= Beginning of Section =

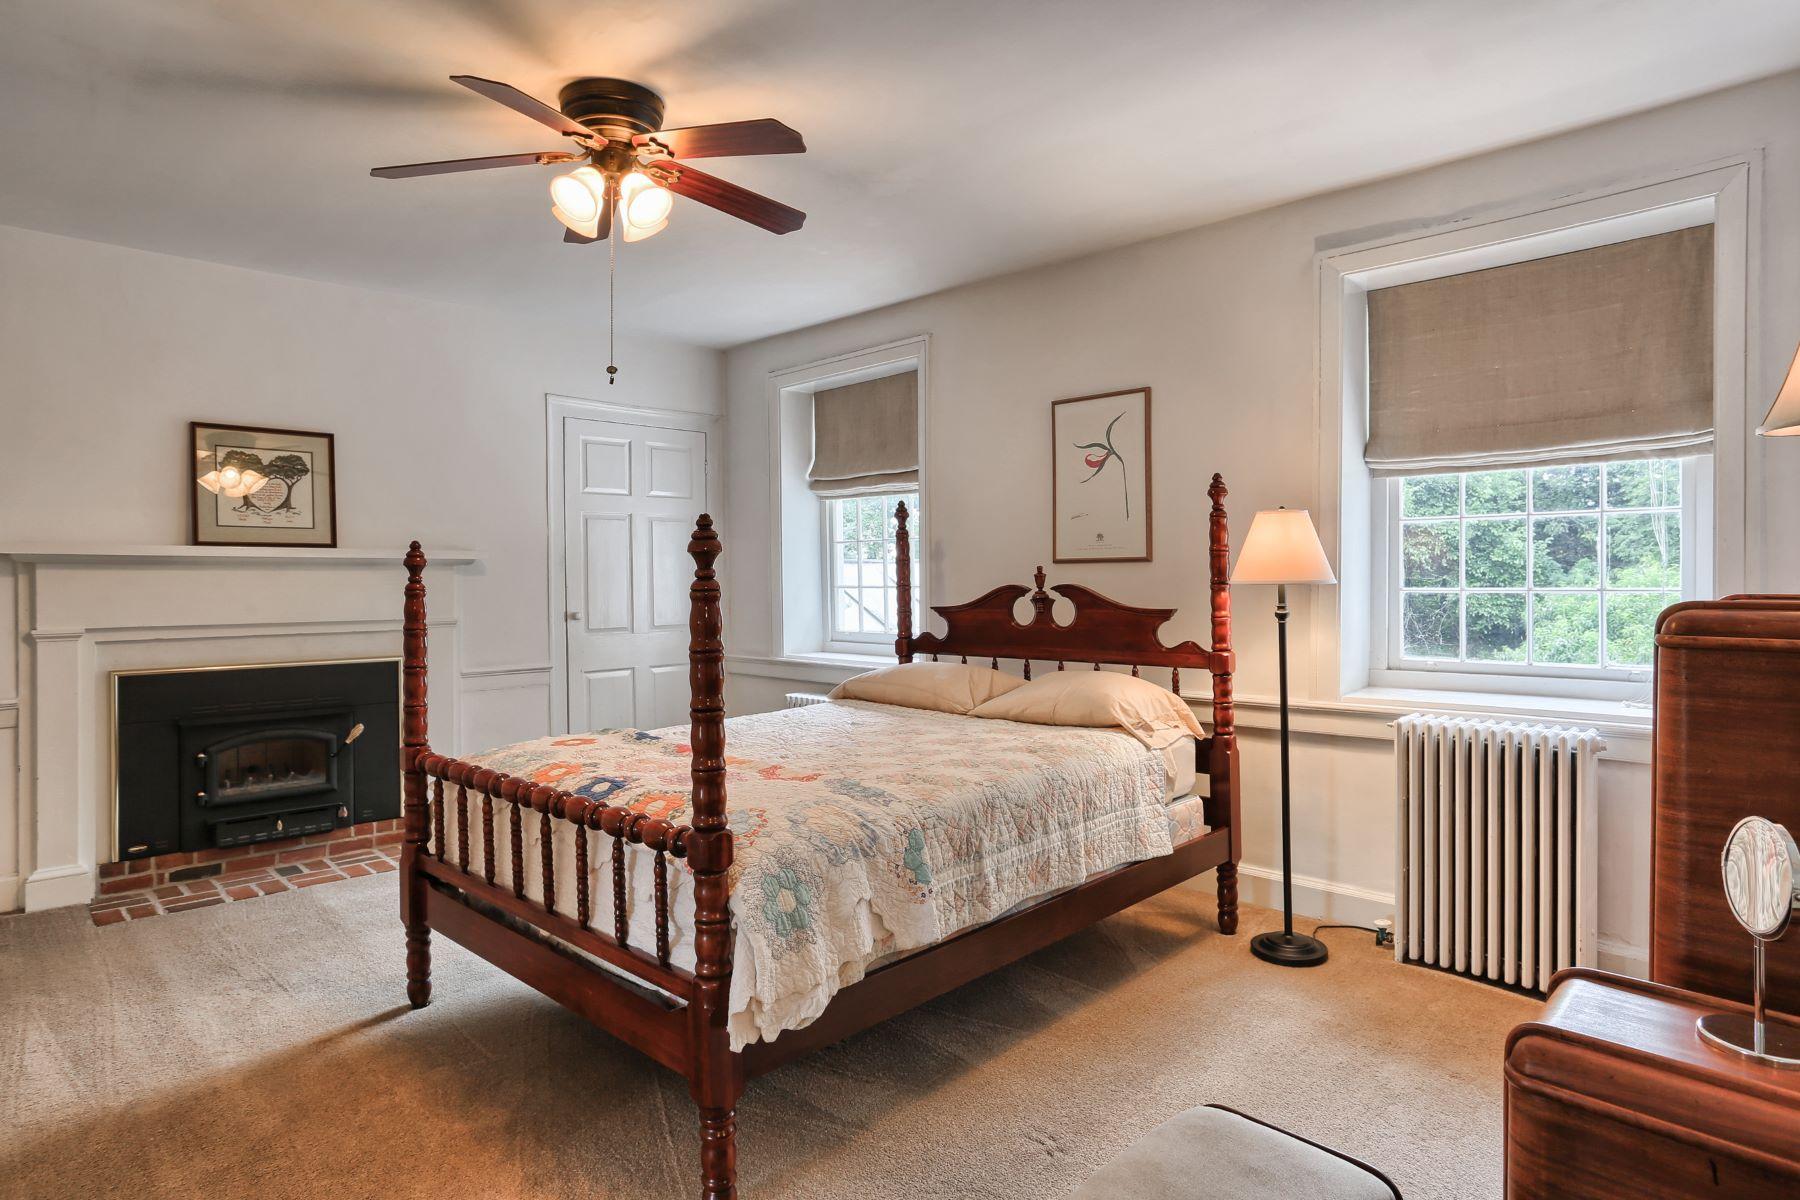 Additional photo for property listing at 2408 Walnut Bottom Road  Carlisle, Pennsylvania 17015 United States
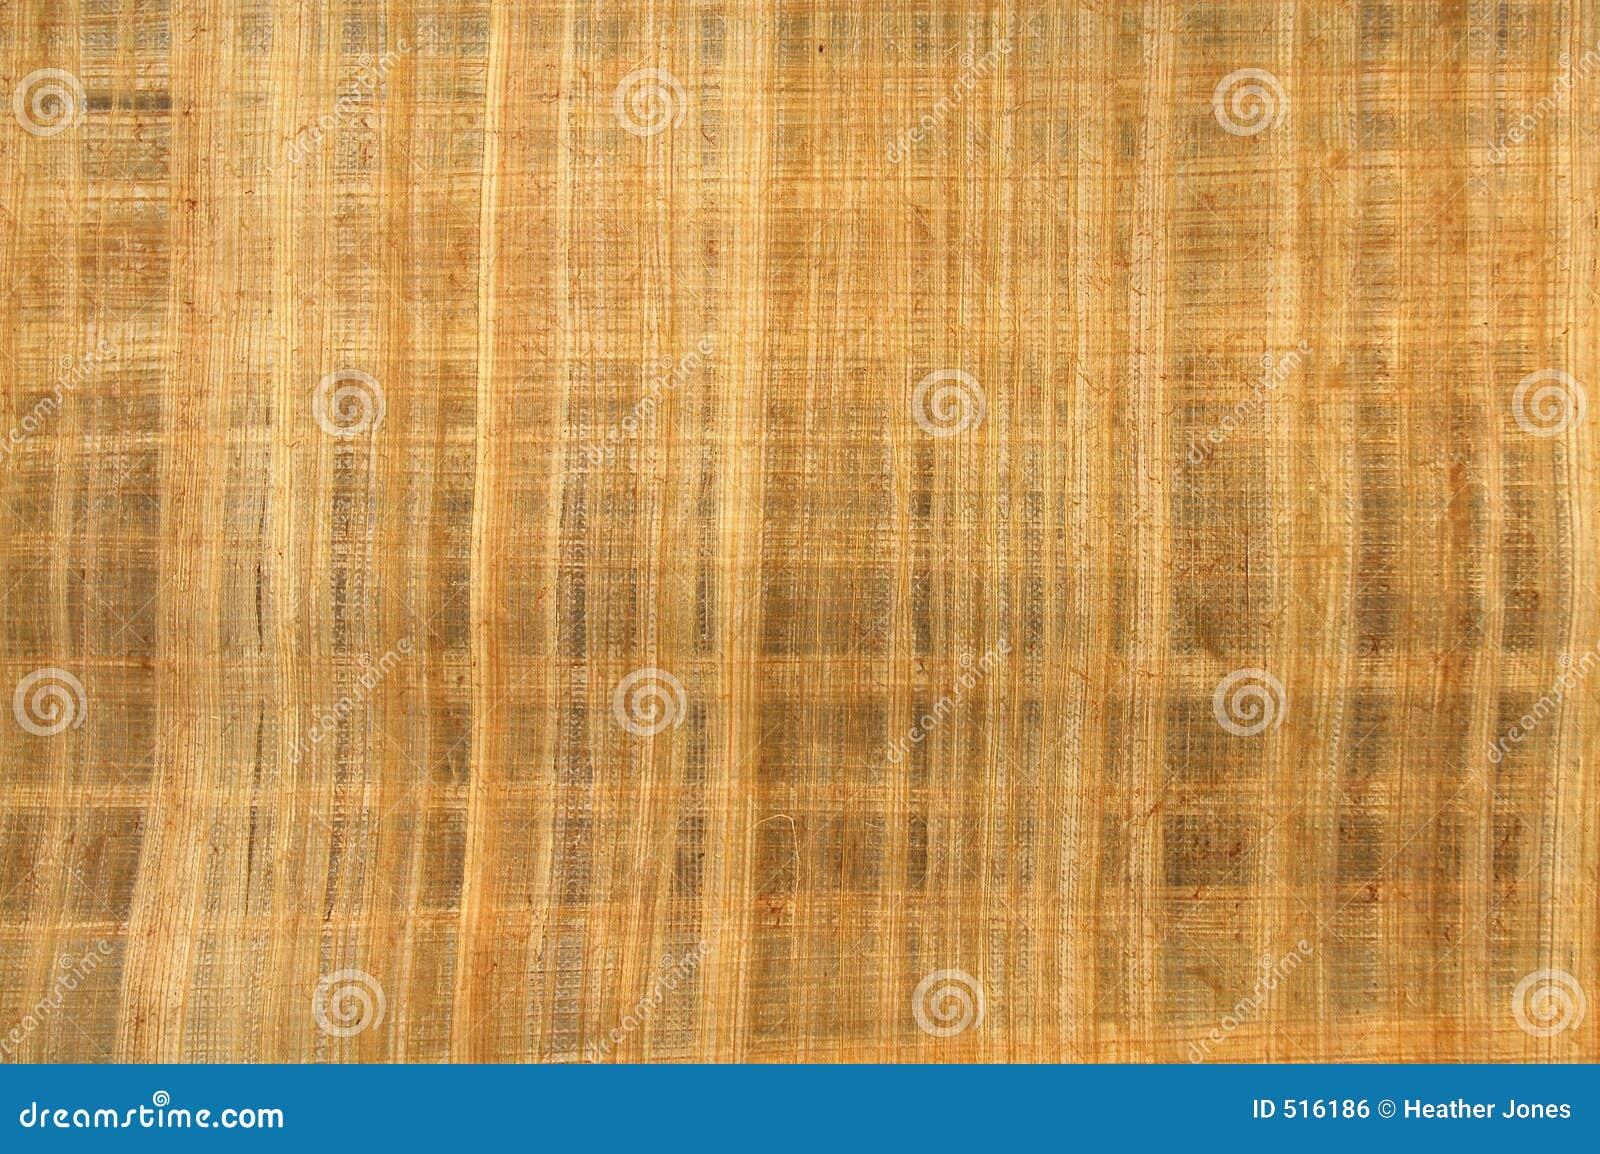 8 papper mönstrat trä
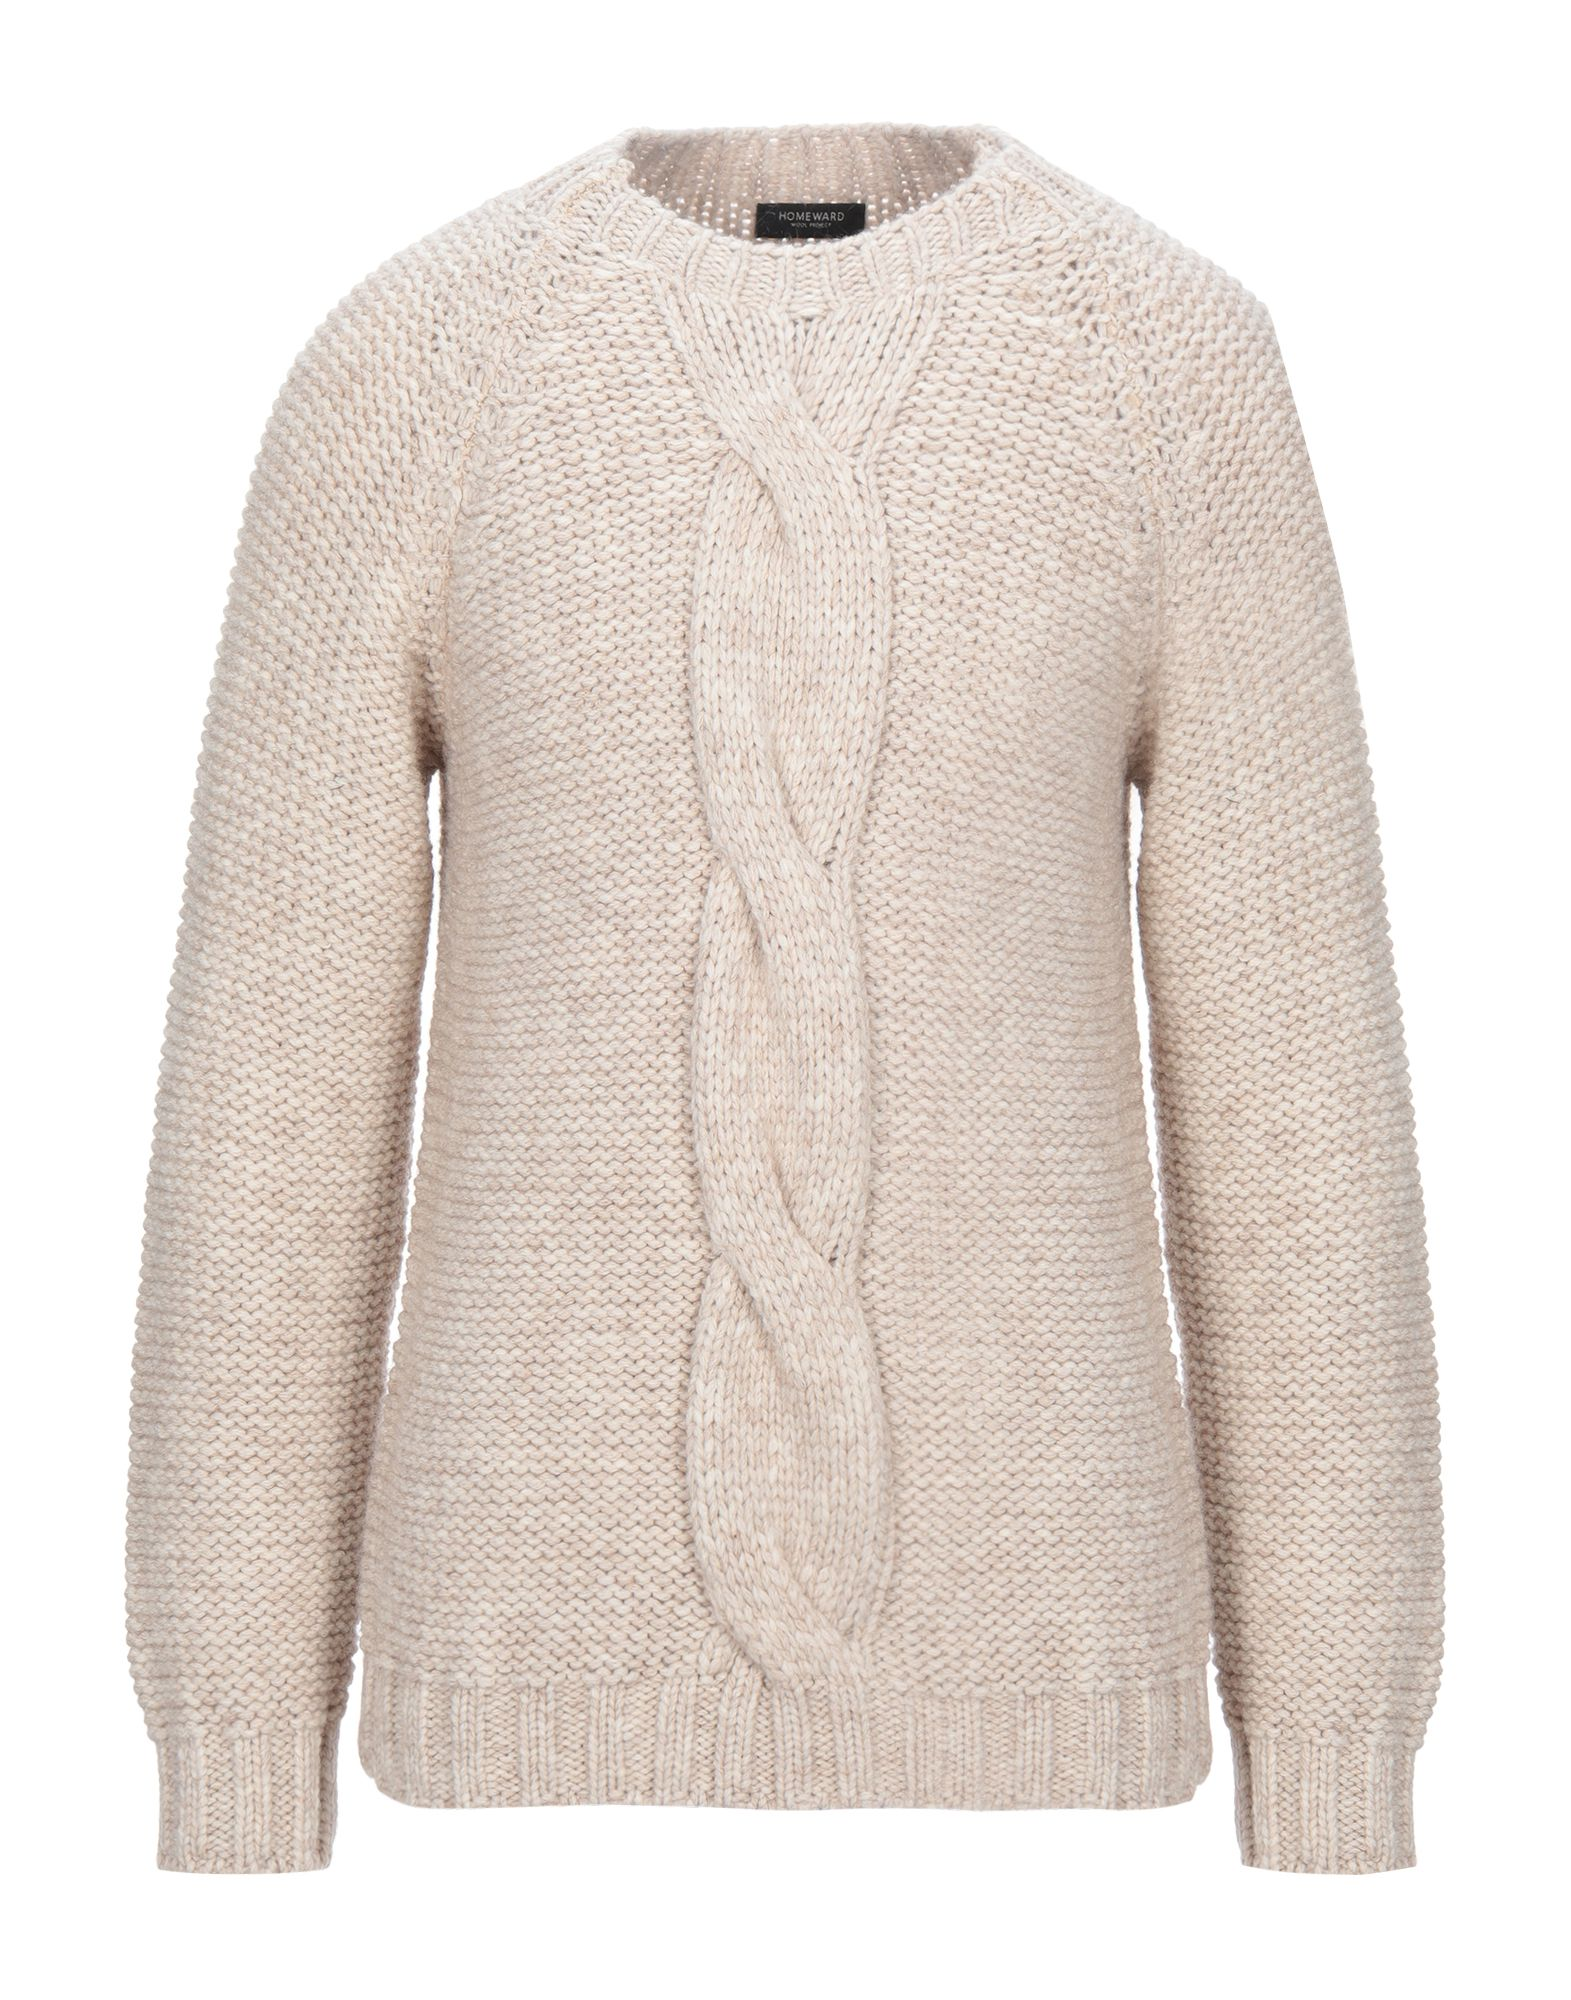 HOMEWARD CLOTHES Свитер homeward clothes кардиган

= End of Section =

[THE TASK]
Take the listing above and print it exactly, apart from the pictures.

[FINISHED TASK]
 Additional photo for property listing at 2408 Walnut Bottom Road  Carlisle, Pennsylvania 17015 United States
 8 papper mönstrat trä
 HOMEWARD CLOTHES Свитер homeward clothes кардиган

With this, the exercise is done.